I managed to arrange a very last minute meet up with Sarah Joan Mokhtar when she was here to attend a conference entitled ‘Women’s Manga Beyond Japan’ held at the National University of Singapore. We met up pretty late, almost around 10.30pm and what both of us thought would be a short drink and chat session turned out to be a long discussion that lasted until the wee hours of the morning about comics and almost everything related to it, mostly in a Malaysian context. Where do Malaysian comic artists stand? Why are there so few local comic artists drawing autobiographical stuff when one of our national comic icons (RE: Dato Lat) has been doing just that? Most importantly, our chat drifted to the topic of the motivations of comic artists in general, brought on by the discussions during her panel/presentation.

During the course of the conference, Sarah managed to socialize with a Japanese manga university educator that told her that her stance on comic making (where Sarah said that her definition of a ‘successful comic artist’ didn’t hinge on the balance inside their bank accounts) was very interesting. Apparently even in Japan’s manga art education centers, students are ingrained with the ‘sell, sell, sell’ mentality, which honestly came as quite a shock to me. Granted, not everyone’s art is fuelled by passion alone, but when a comic artist draws for the sole purpose of money/commercial success, doesn’t their lack of passion show in their works as well?

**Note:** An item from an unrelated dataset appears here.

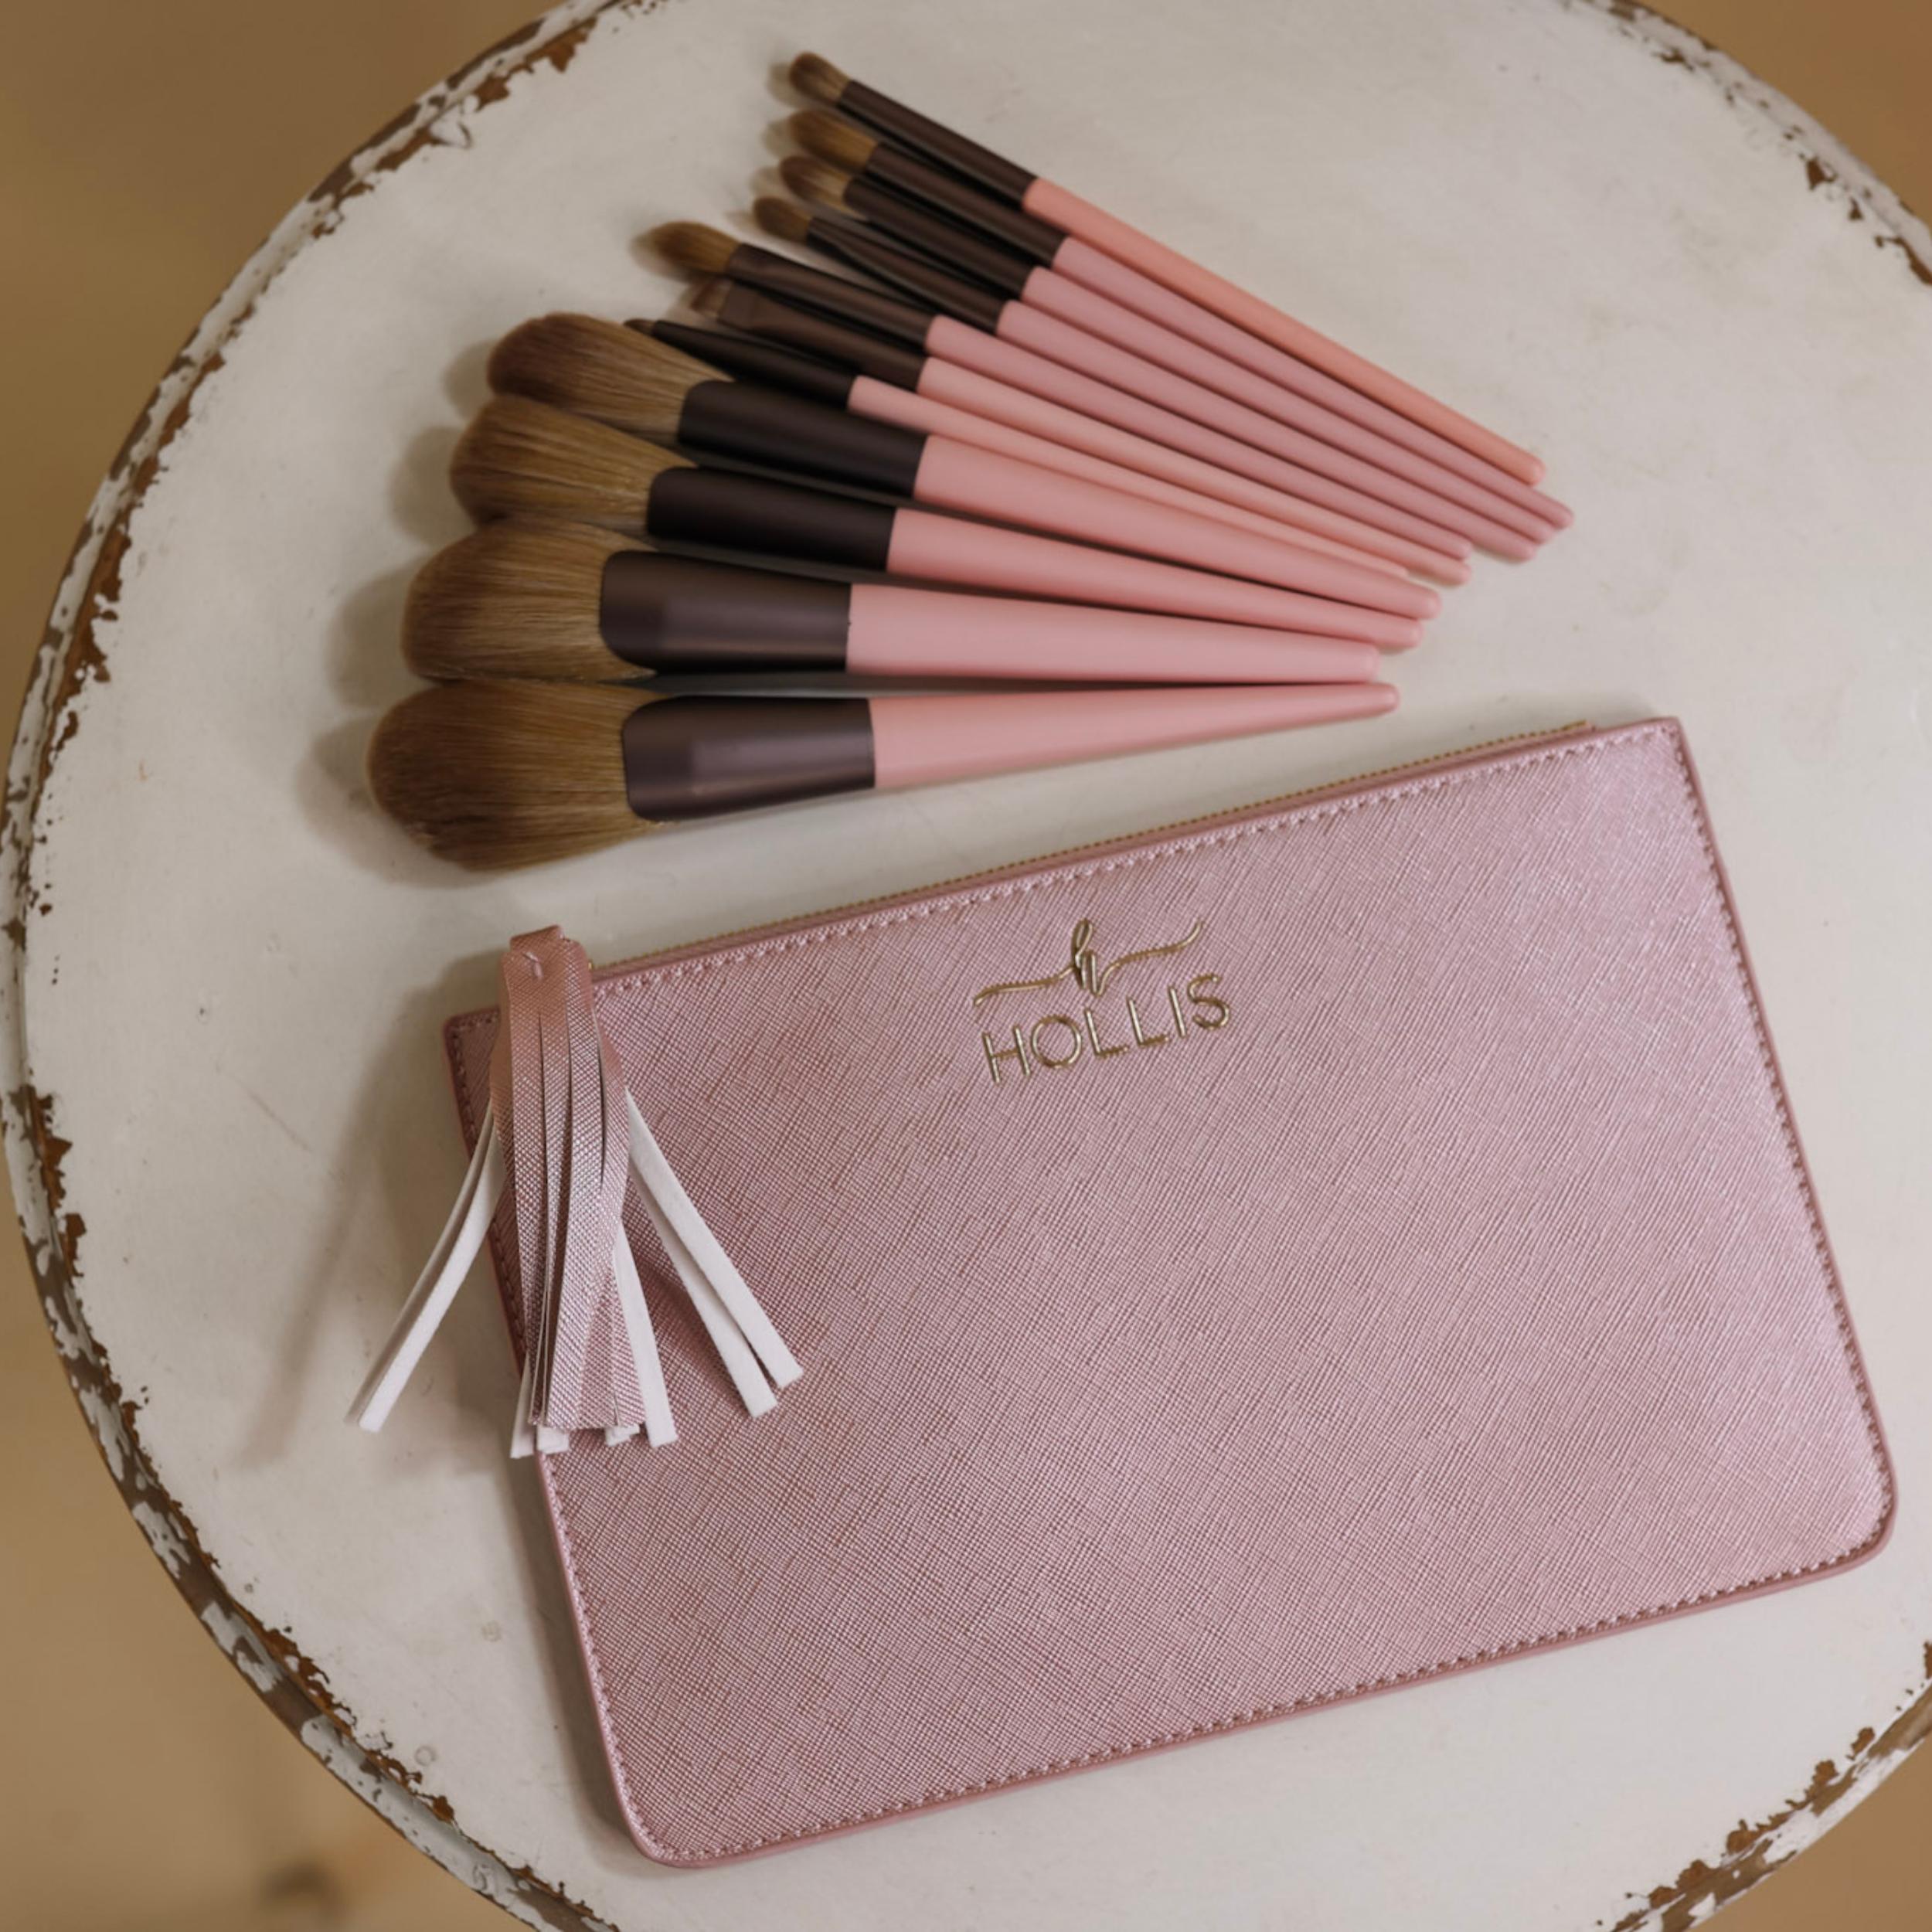 A blush pouch is laid in the bottom of the picture with 11 different sized makeup brushes across the top of the pouch in pink and brown. Background is white.

So we talked about what yardstick each of us would measure a comic artist’s success with. This was brought on because she had so many people coming up to her with the same question: ‘How do you become a successful comic artist?’ ‘And what is a ‘successful’ comic artist by the way? Is it a person who manages to sustain a living by making comics? Or a person who manages to gain popularity through their comics? To Sarah (and I’m paraphrasing here), she had nothing against people who make fame and money their goal when they make comics, but success by her definition was measured by the artist’s dedication to his or her craft. She cited Craig Thompson as an example (whom she got to meet when she attended the Atlantic Center for the Arts Residency under him): he is a comic artist, and he only produces a comic book once every few years. And he does a whole lot of other side jobs to pay his bills in the lull between books. Would you consider him a success?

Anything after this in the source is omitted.